Classes: Antihistamine/Decongestant/Analgesic Combos

Dosing and uses of Advil Allergy Sinus (ibuprofen/chlorpheniramine/pseudoephedrine)

 

Adult dosage forms and strengths

ibuprofen/chlorpheniramine/pseudoephedrine

caplet

  • 200mg/2mg/30mg

 

Allergy & Cold Symptoms

1 caplet PO q4-6hr prn while symptoms persist

Not to exceed 6 caplets/24 hr

 

Administration

Take with food or milk if stomach upset occurs

 

Pediatric dosage forms and strengths

ibuprofen/chlorpheniramine/pseudoephedrine

caplet

  • 200mg/2mg/30mg

 

Allergy & Cold Symptoms

<12 years: Safety and efficacy not established

12 years or older: 1 caplet PO q4-6hr prn while symptoms persist; not to exceed 6 caplets/24 hr

 

Administration

Take with food or milk if stomach upset occurs

 

Advil Allergy Sinus (ibuprofen/chlorpheniramine/pseudoephedrine) adverse (side) effects

Frequency not defined

Drowsiness

GI upset

Insomnia

Urinary retention

Xerostomia

 

Warnings

Contraindications

Hypersensitivity

Do not use immediately before or after heart surgery

Do not use with MAO inhibitors or for 2 weeks after discontinuing MAO inhibitors because of risk for hypertensive crisis

 

Cautions

Caution with hypertension, heart disease, hepatic or renal impairment, asthma, thyroid disease, diabetes, glaucoma, or BPH

NSAID content

  • May increase risk for GI ulceration
  • Coadministration with antiplatelets/anticoagulants
  • May decrease benefit of cardioprotective low-dose aspirin

Antihistamine content

  • Additive risk for sedation when coadministered with other sedatives or alcohol
  • Caution when driving or operating machinery
  • May cause urinary retention, blurred vision, or dry mouth

Decongestant content

  • May exacerbate poorly controlled hypertension
  • Caution if underlying cardiovascular risks present

 

Pregnancy and lactation

Do not take NSAIDs within 3 months before delivery, NSAIDs are know to cause premature closure of the ductus arteriosus

The Quebec Pregnancy Registry identified 4705 women who had spontaneous abortions by 20 weeks' gestation; each case was matched to 10 control subjects (n=47,050) who had not had spontaneous abortions; exposure to nonaspirin NSAIDs during pregnancy was documented in approximately 7.5% of cases of spontaneous abortions and in approximately 2.6% of controls. (CMAJ, September 6, 2011; DOI:10.1503/cmaj.110454)

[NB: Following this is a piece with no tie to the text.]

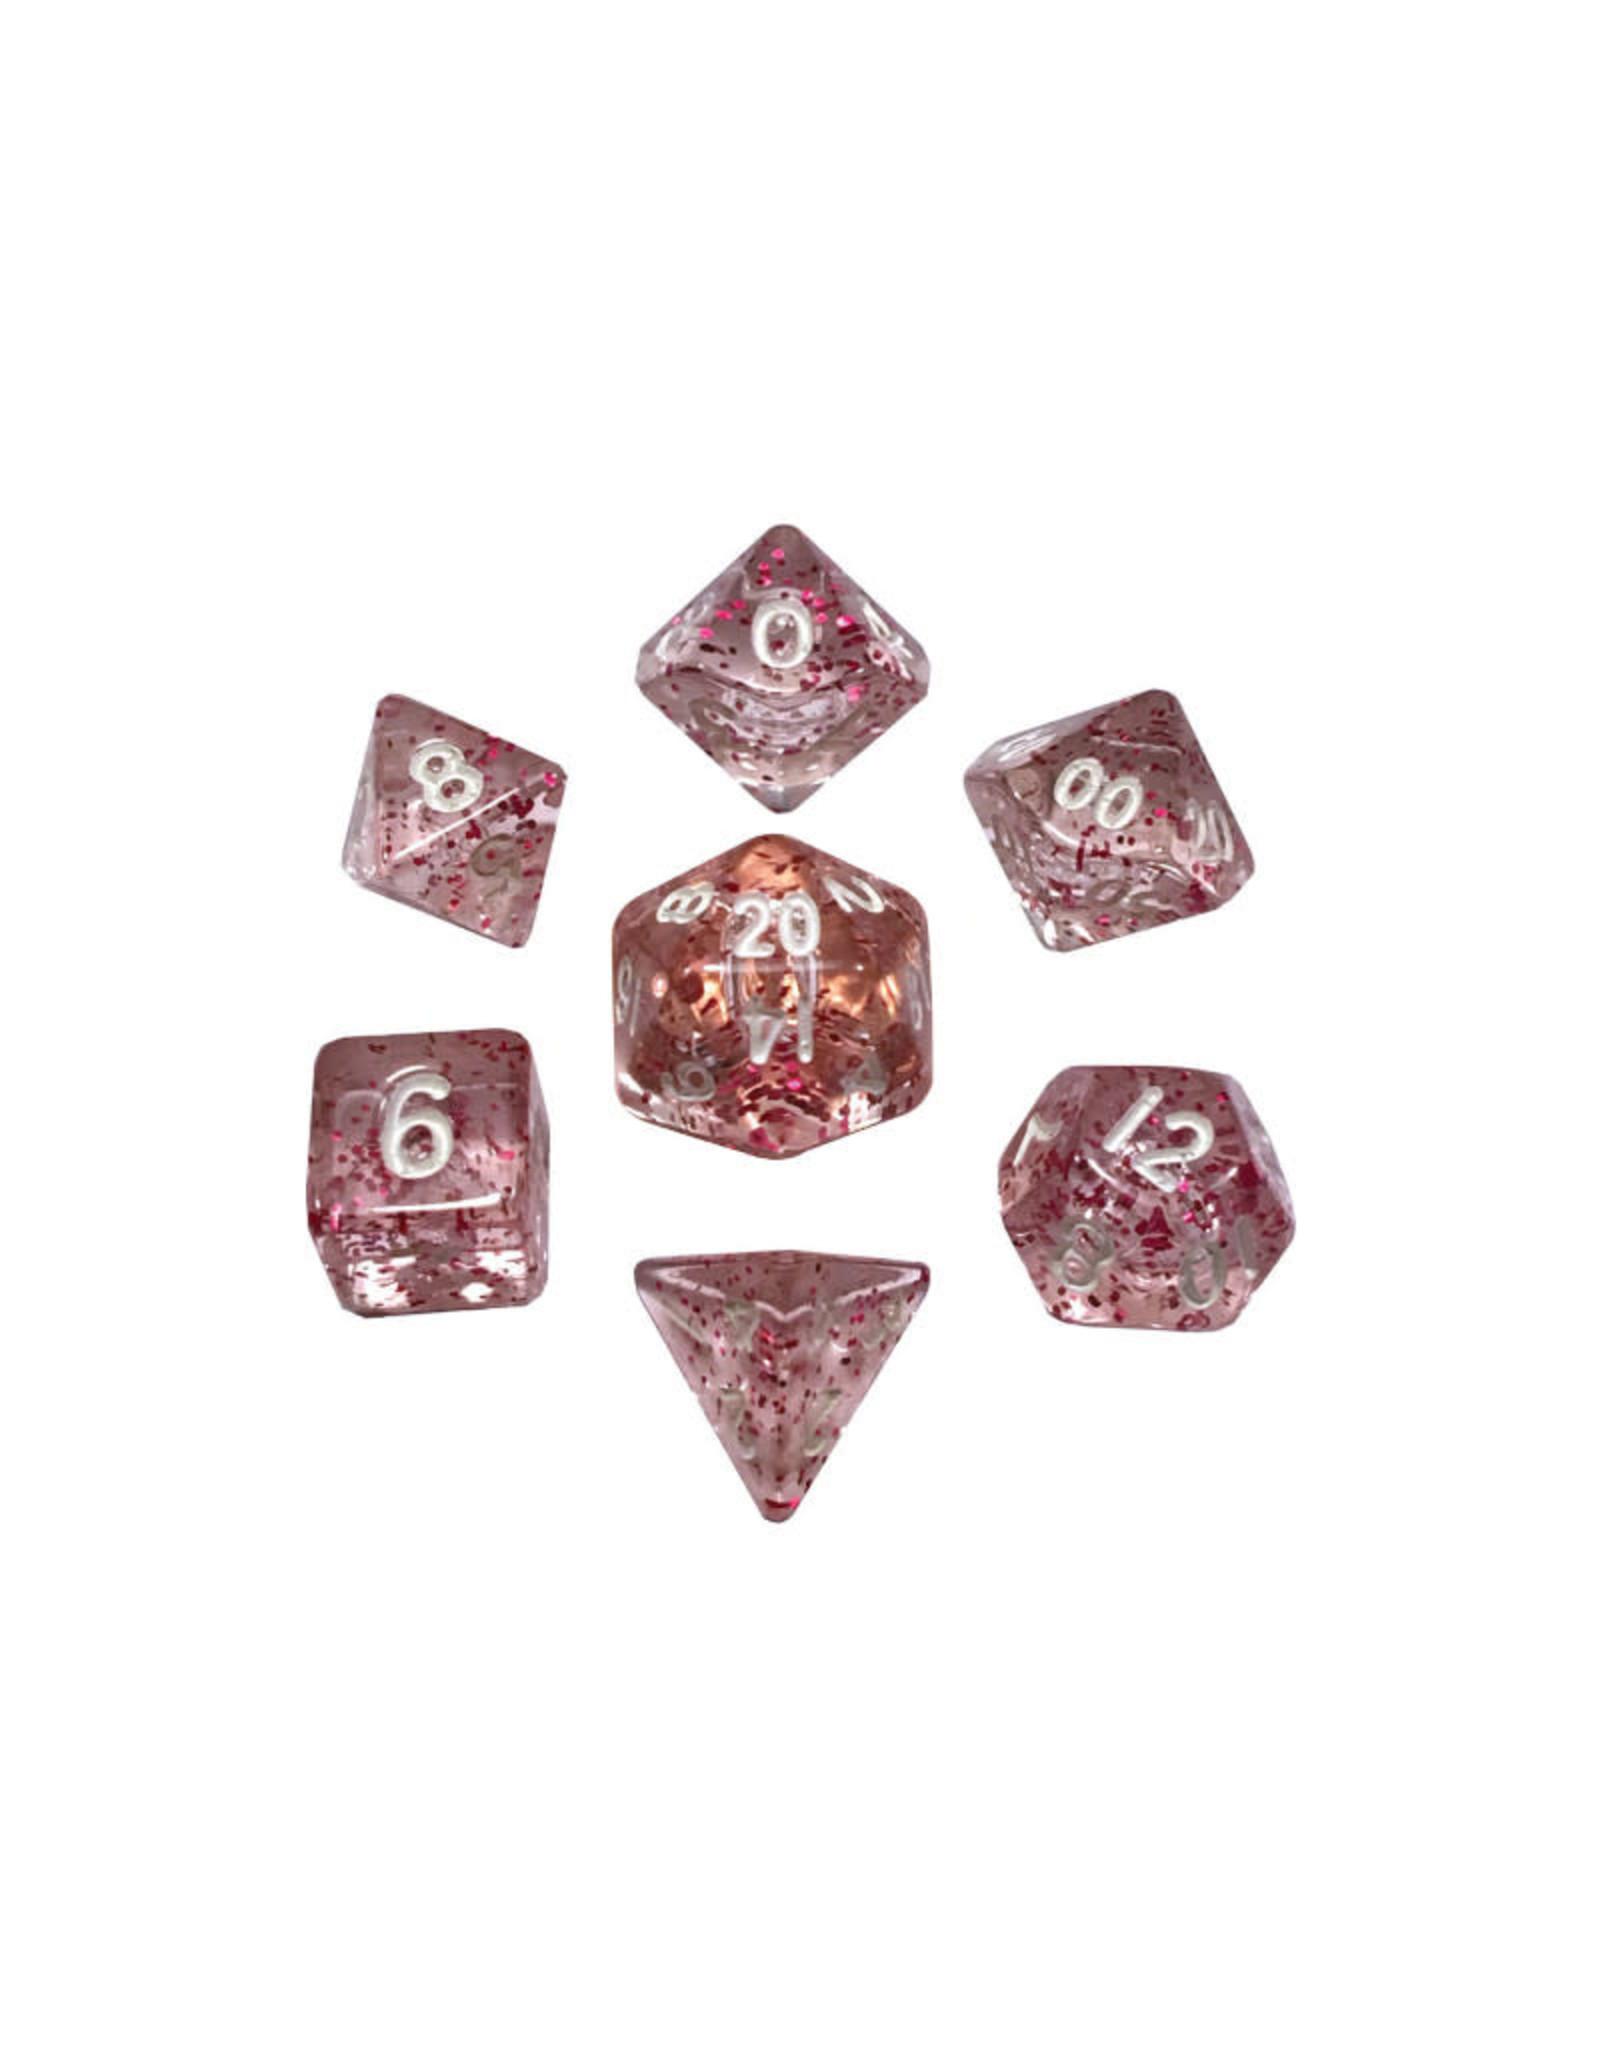 Metallic Dice Games Mini Polyhedral Dice Set: Ethereal Light Purple

Lactation: NSAIDs and pseudoephedrine excreted in breast milk, AAP states compatible with breastfeeding

 

Pregnancy categories

A: Generally acceptable. Controlled studies in pregnant women show no evidence of fetal risk.

B: May be acceptable. Either animal studies show no risk but human studies not available or animal studies showed minor risks and human studies done and showed no risk.

C: Use with caution if benefits outweigh risks. Animal studies show risk and human studies not available or neither animal nor human studies done.

D: Use in LIFE-THREATENING emergencies when no safer drug available. Positive evidence of human fetal risk.

X: Do not use in pregnancy. Risks involved outweigh potential benefits. Safer alternatives exist.

NA: Information not available.

 

Pharmacology of Advil Allergy Sinus (ibuprofen/chlorpheniramine/pseudoephedrine)

Mechanism of action

Ibuprofen: Inhibits synthesis of prostaglandins by inhibiting cyclooxygenase (COX-1, COX-2)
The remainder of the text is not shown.